TASK DETAILS
Your answer must be the exact lines below, starting with the line with "Motorola 62X13U (1954)" and going on through the line with "everlane snakeskin boots", both included, with no pictures.

SUPPLIED DATA
· · · · ·
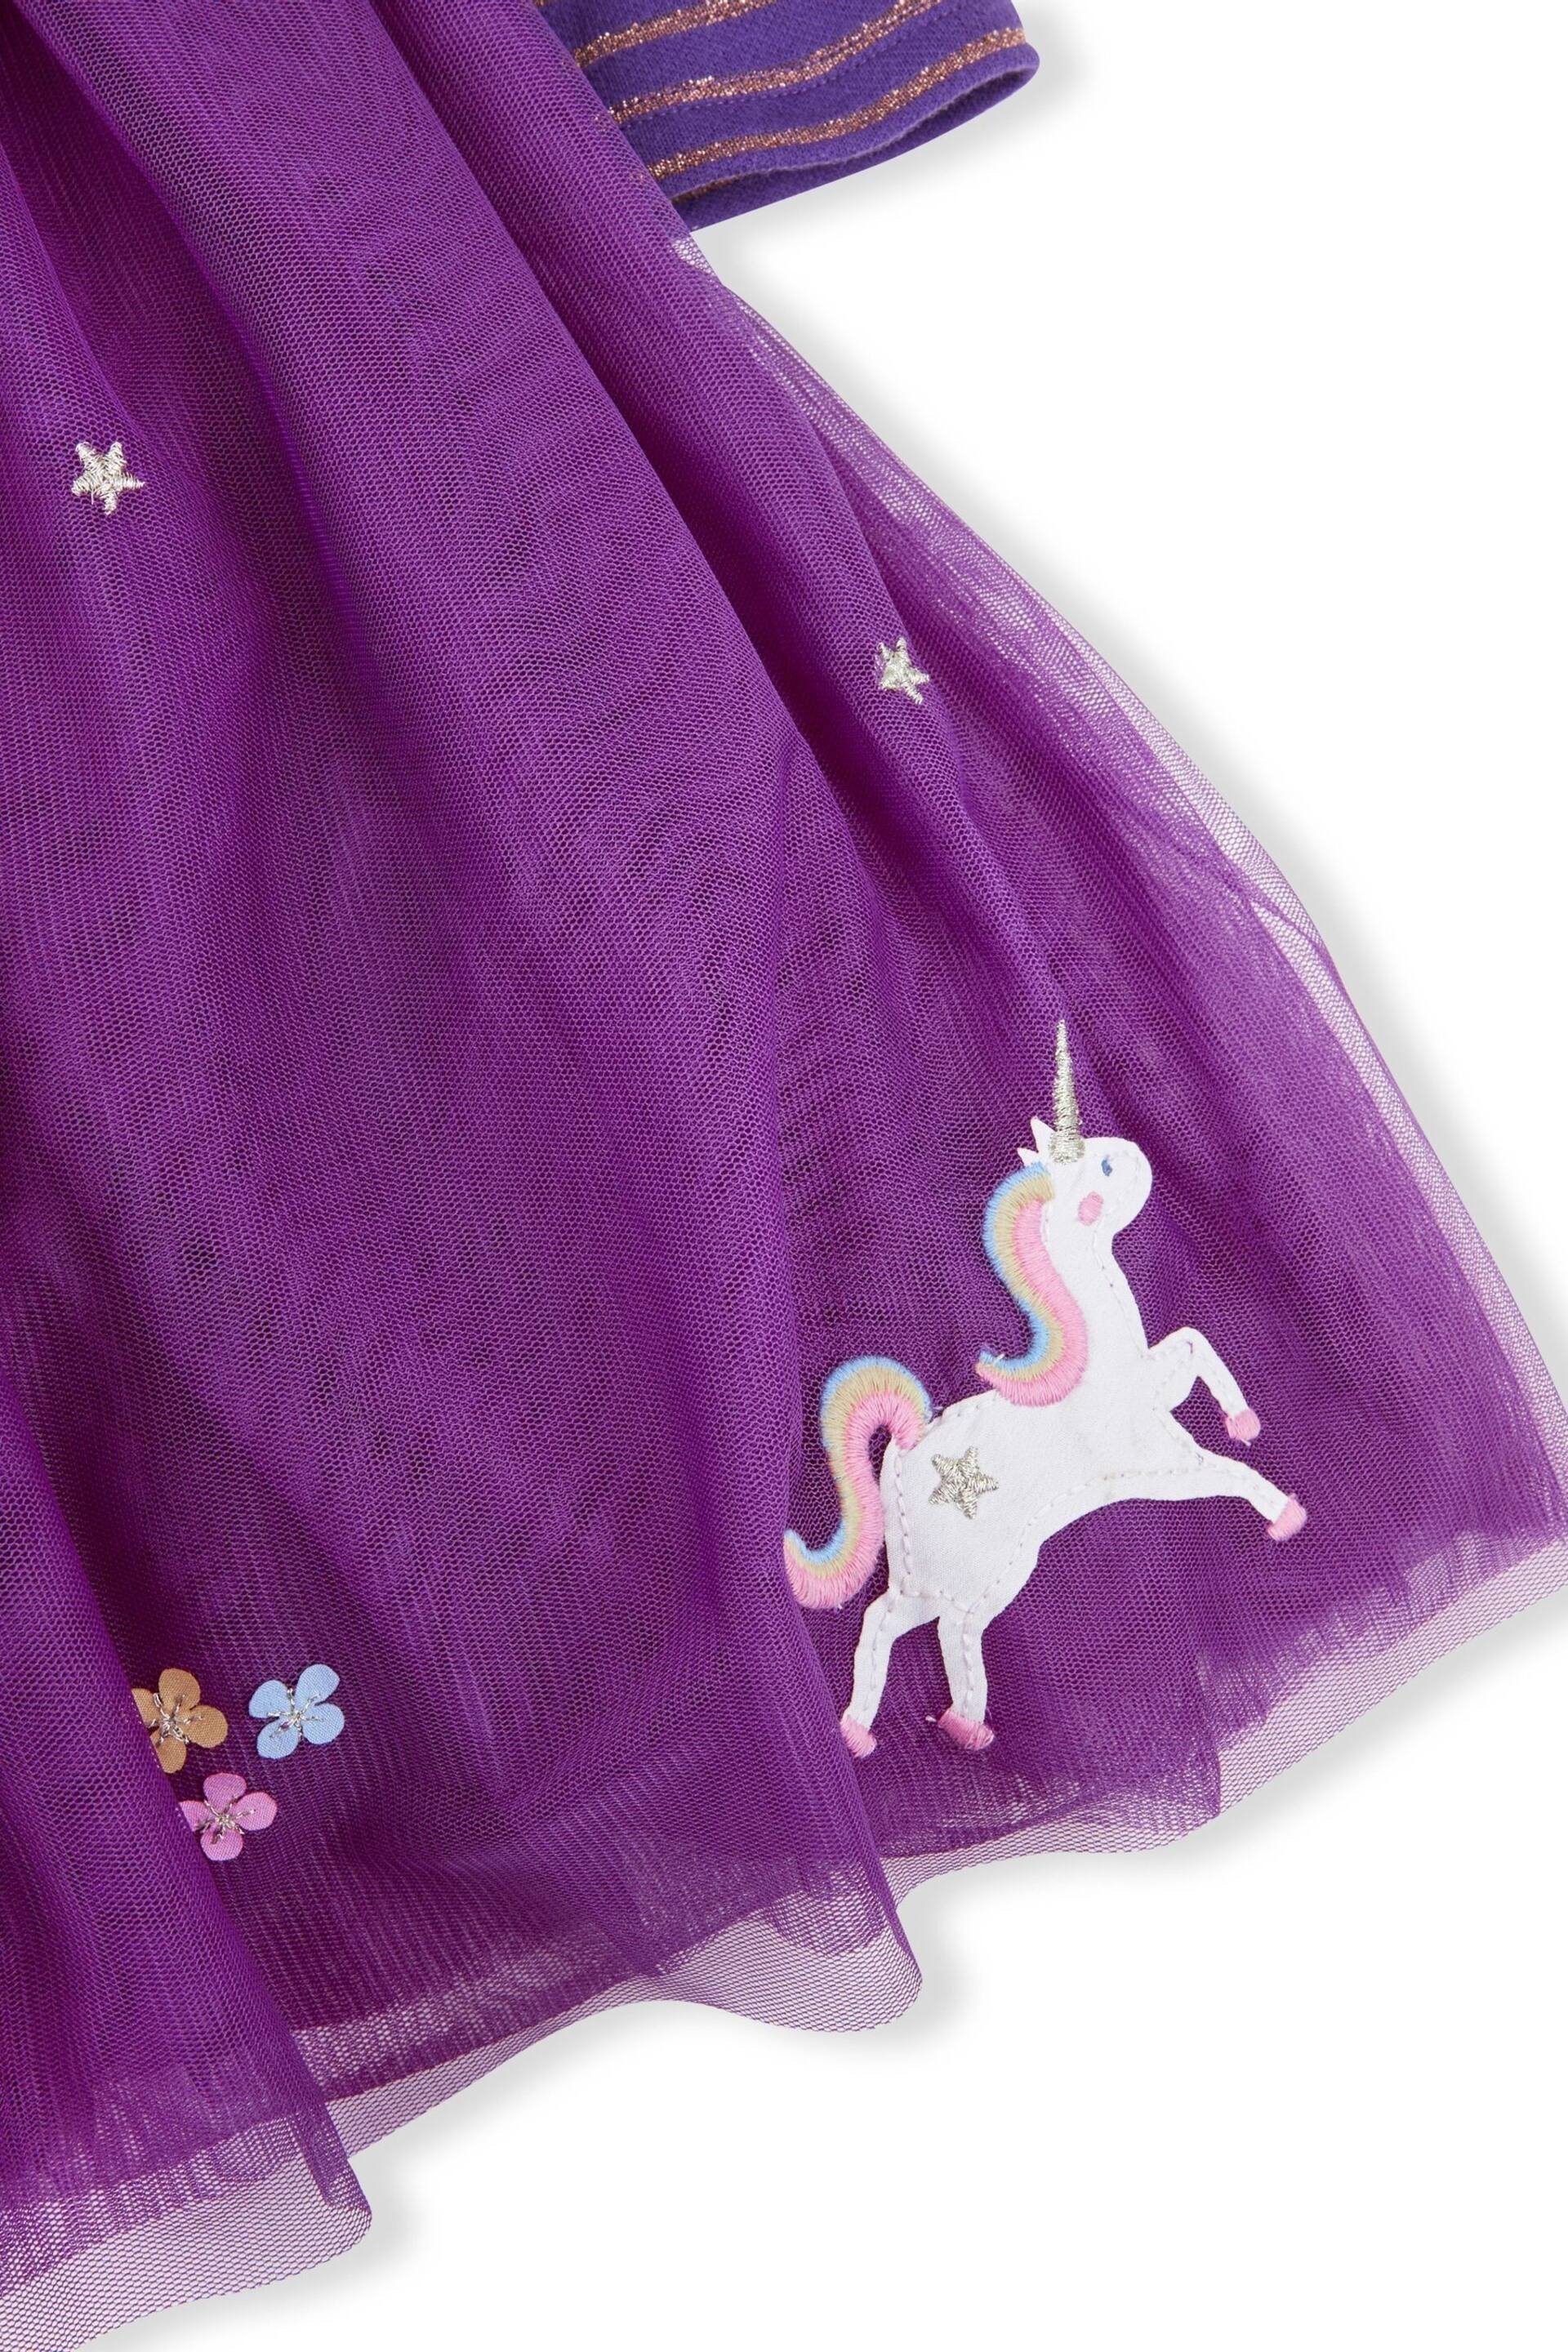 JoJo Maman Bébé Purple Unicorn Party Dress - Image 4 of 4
· · · · ·
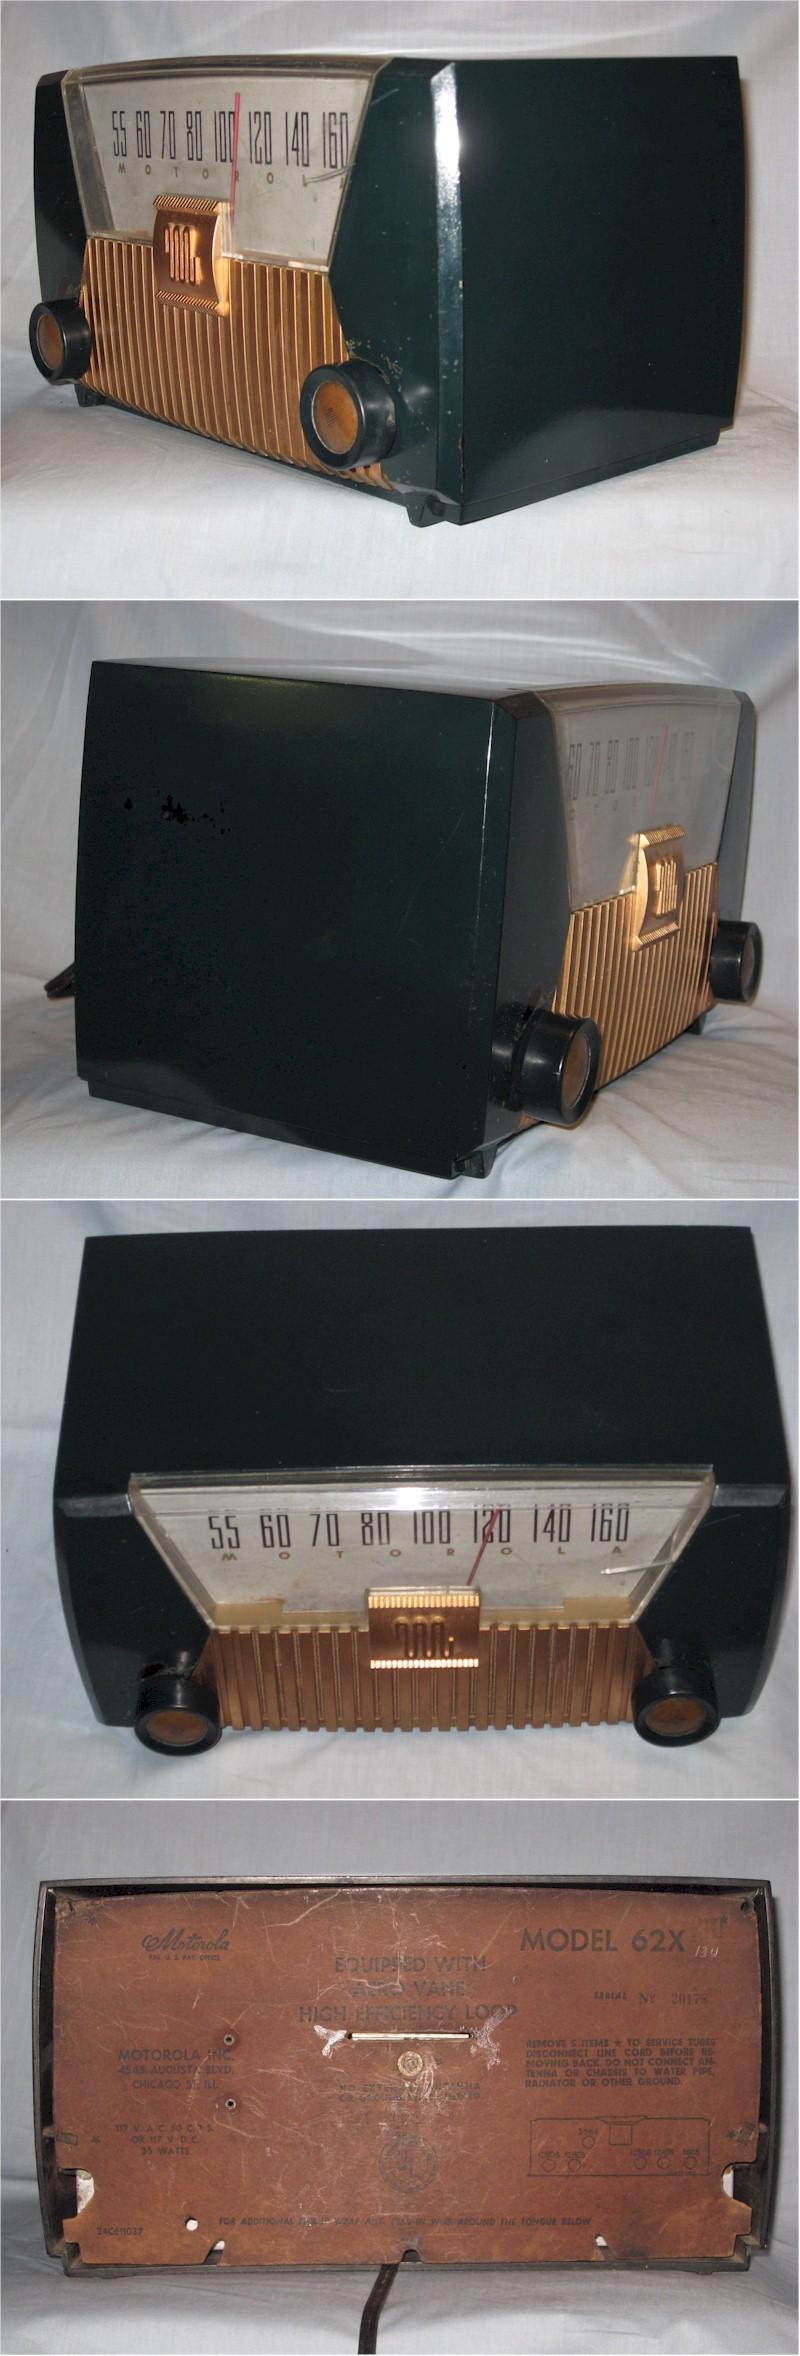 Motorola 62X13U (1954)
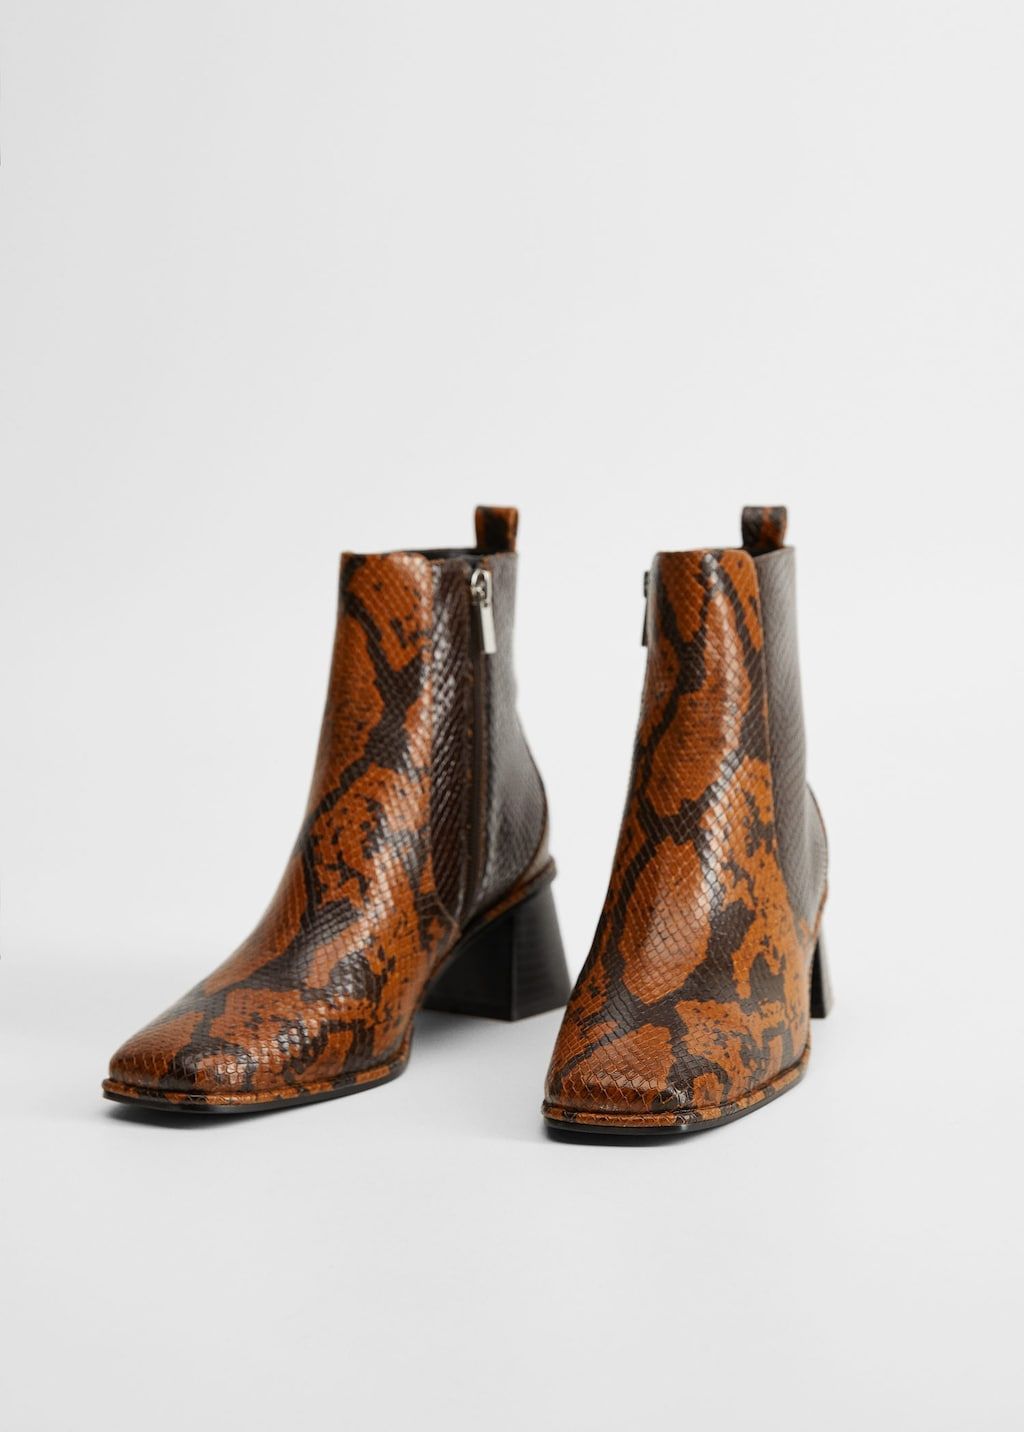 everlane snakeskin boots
· · · · ·
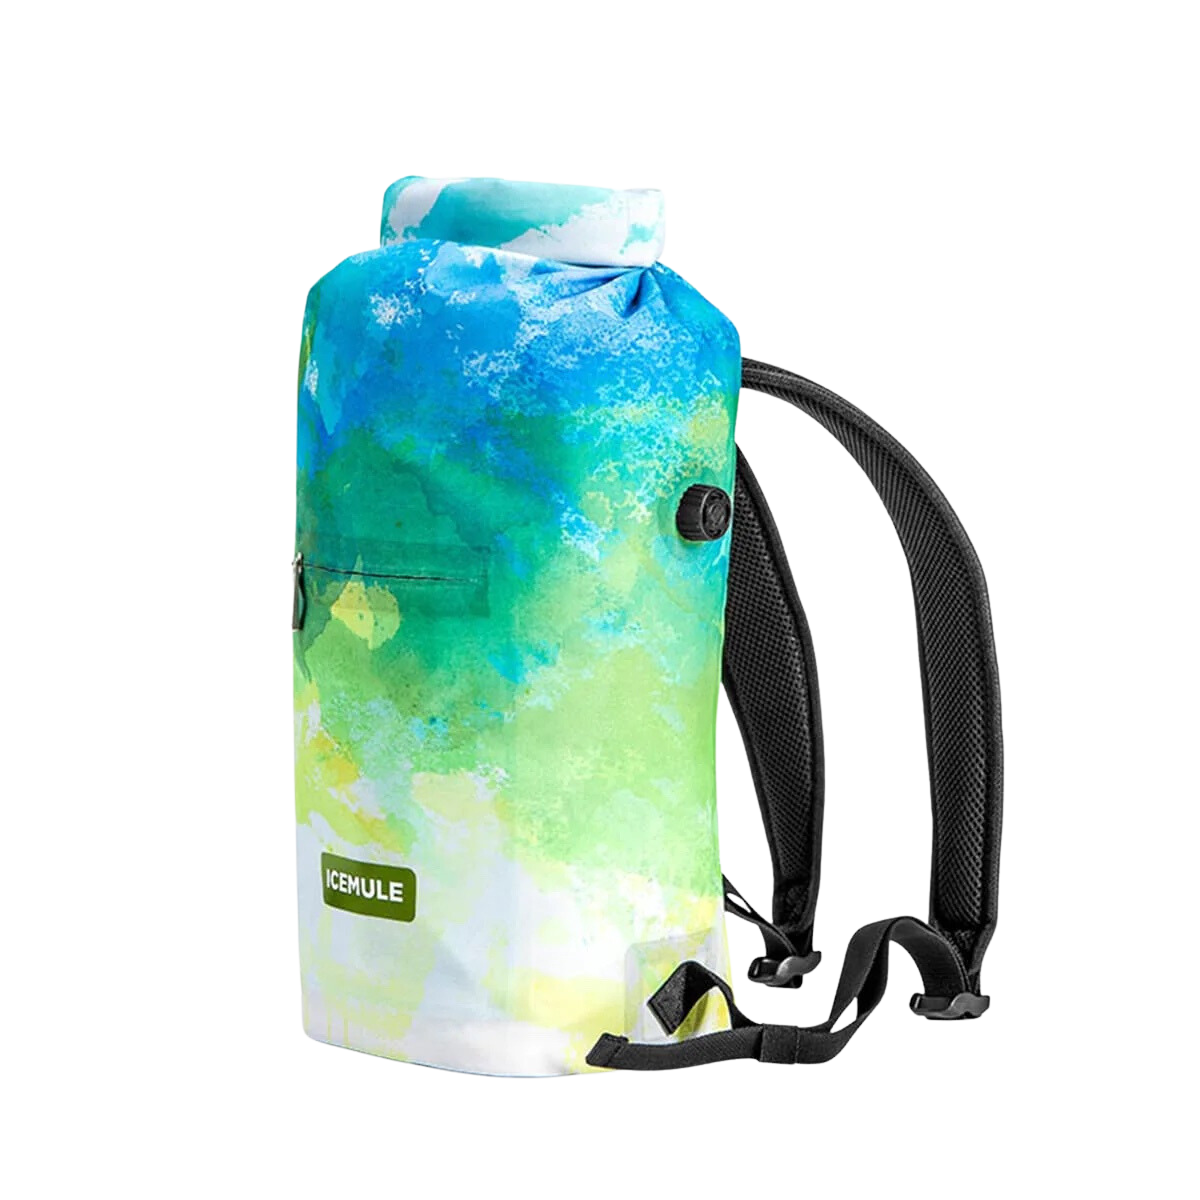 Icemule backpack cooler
· · · · ·
OUTPUT
 Motorola 62X13U (1954)
 everlane snakeskin boots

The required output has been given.